We won’t be able to control them because everything we think about, they will have already thought about, a million times faster than us. All the defenses we’ve built will come undone, like Gulliver throwing off the tiny wisps the Lilliputians used to try to hold him back.
Some argue that these LLMs are just machines of automation without consciousness, implying that if they are not aware, they are less likely to break free from their programming. Even if these language patterns, now or in the future, are not conscious at all, it doesn’t matter. For the record, I agree that they are unlikely to have any real awareness at this stage, although I remain open to new facts as they arise.

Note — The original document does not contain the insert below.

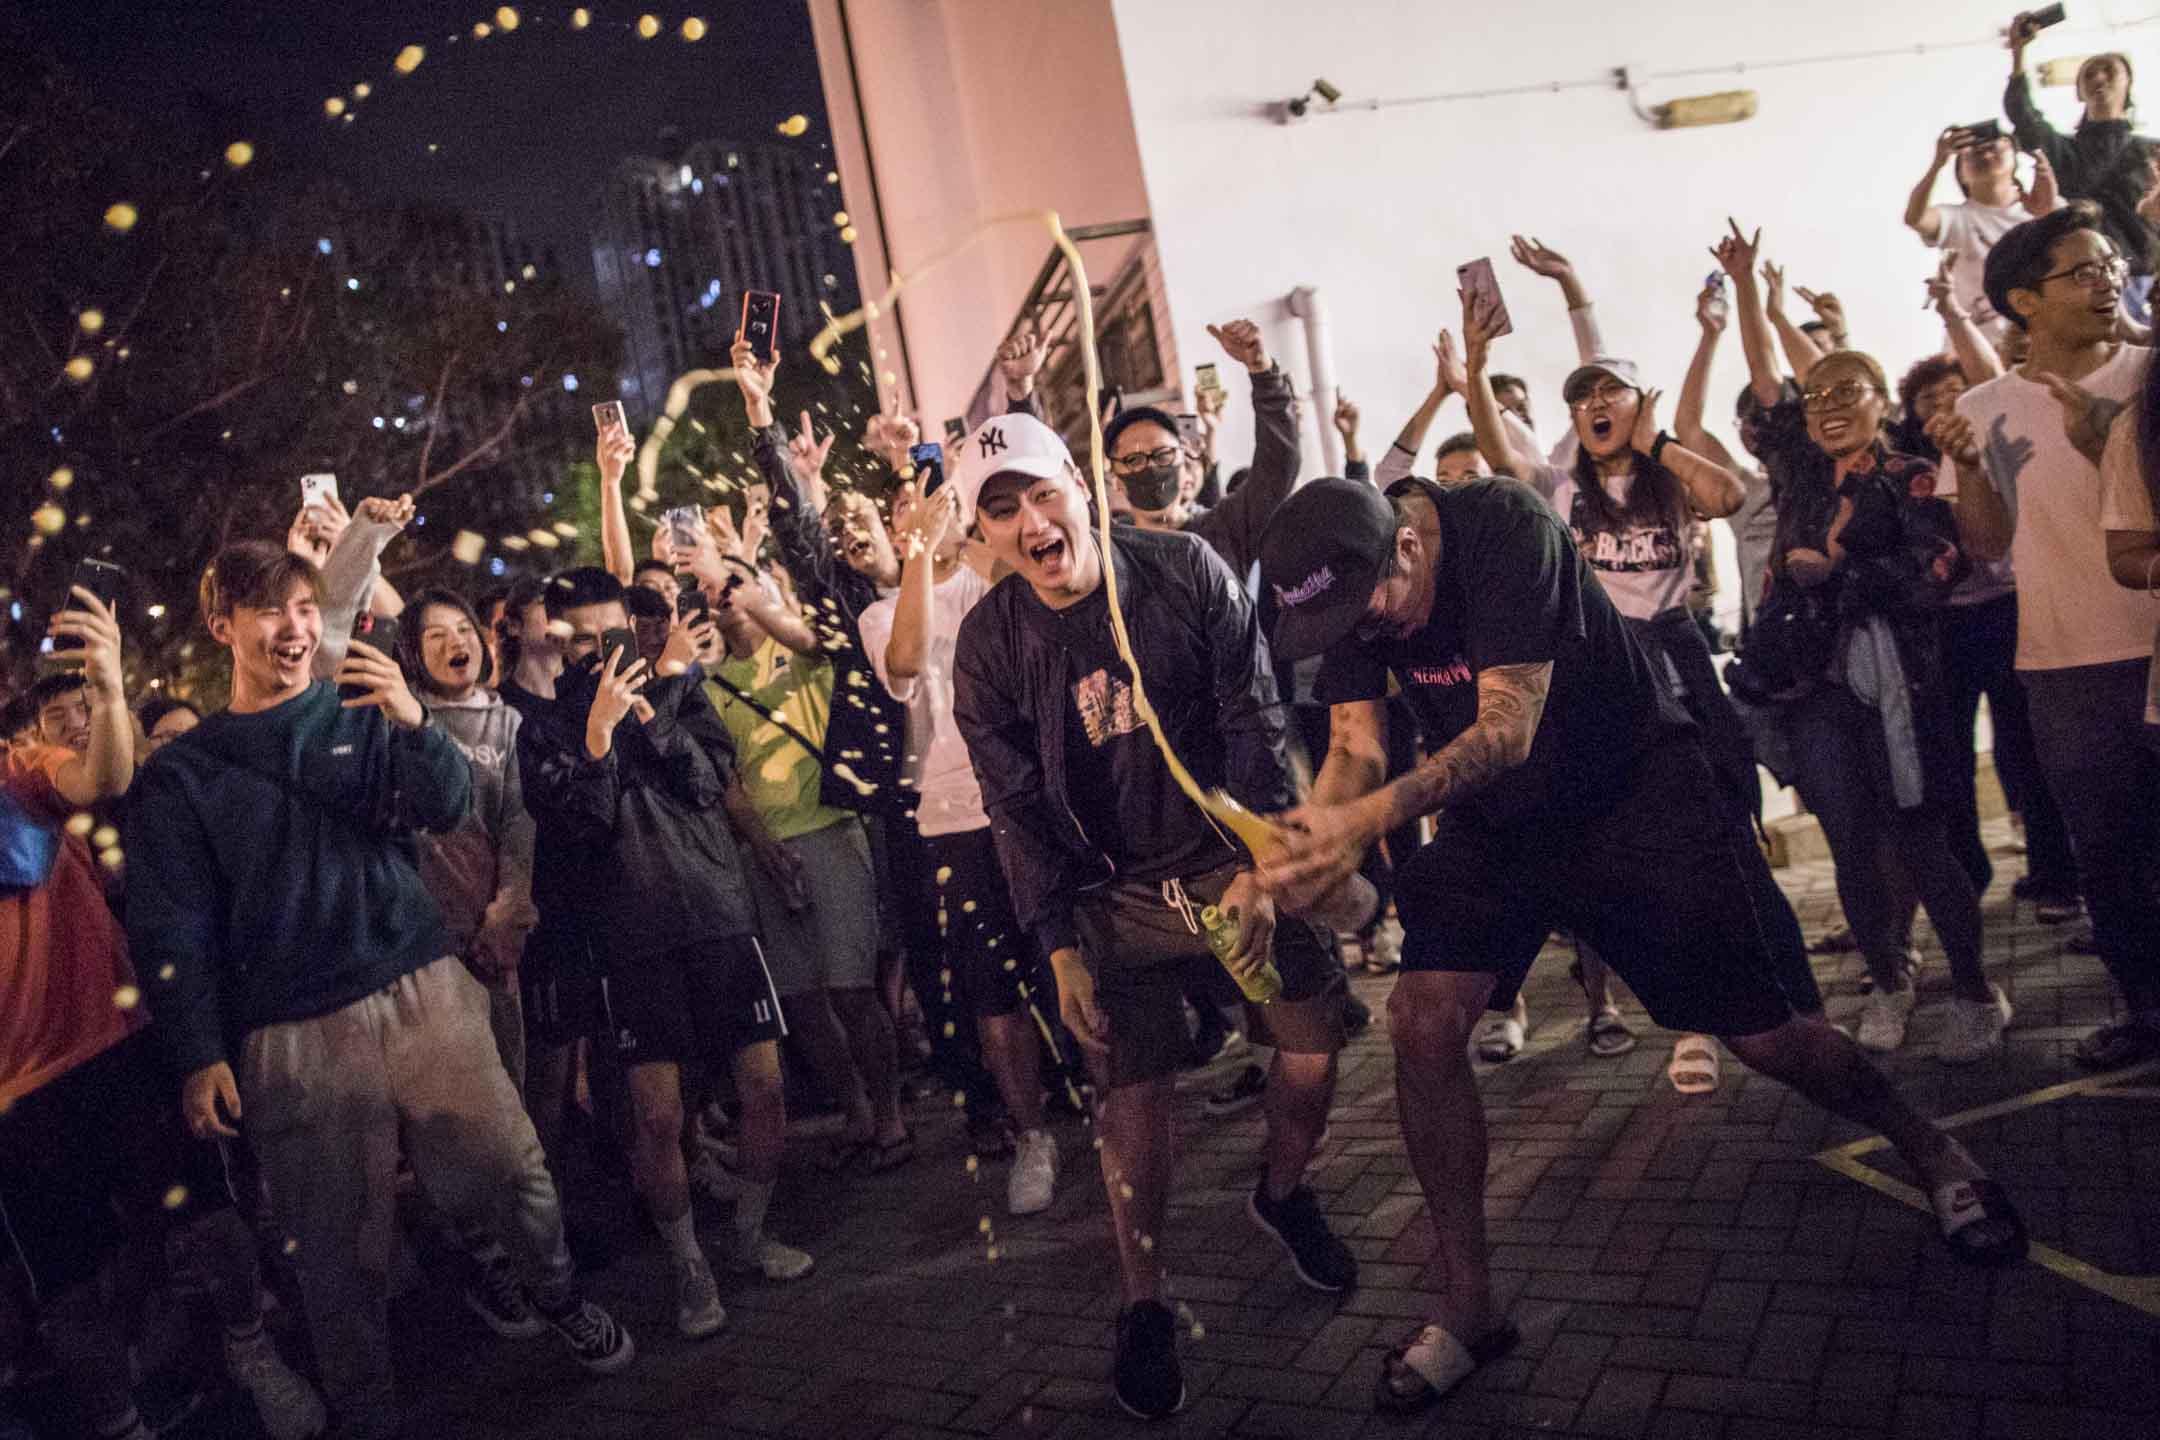 2019年11月25日凌晨,屯門樂翠選區區議會點票結果出爐,何君堯落敗,站外大批市民開香檳慶祝。

Either way, a nuclear bomb can kill millions of people without any conscience. Similarly, AI could kill millions of people without conscience in multiple ways, potentially including using nuclear bombs either directly (much less likely) or through manipulated human intermediaries (more likely).
So debates about consciousness and AI really don’t feature much in debates about the safety of AI.
Yes, language models based on GPT-4 and many other models are already circulating widely. But the requested moratorium is to halt development of any new models more powerful than 4.0 – and this can be enforced, forcefully if necessary. Training these more powerful models requires massive server farms and energy. They can be closed.
My ethical compass tells me that it is very unwise to create these systems when we already know we cannot control them even in the relatively near future. Discernment is knowing when to step back from the edge. It is now.
We must not open Pandora’s box any further than it has already been opened.
This is an opinion and analytical article, and the opinions expressed by the author or authors are not necessarily those of American scientist.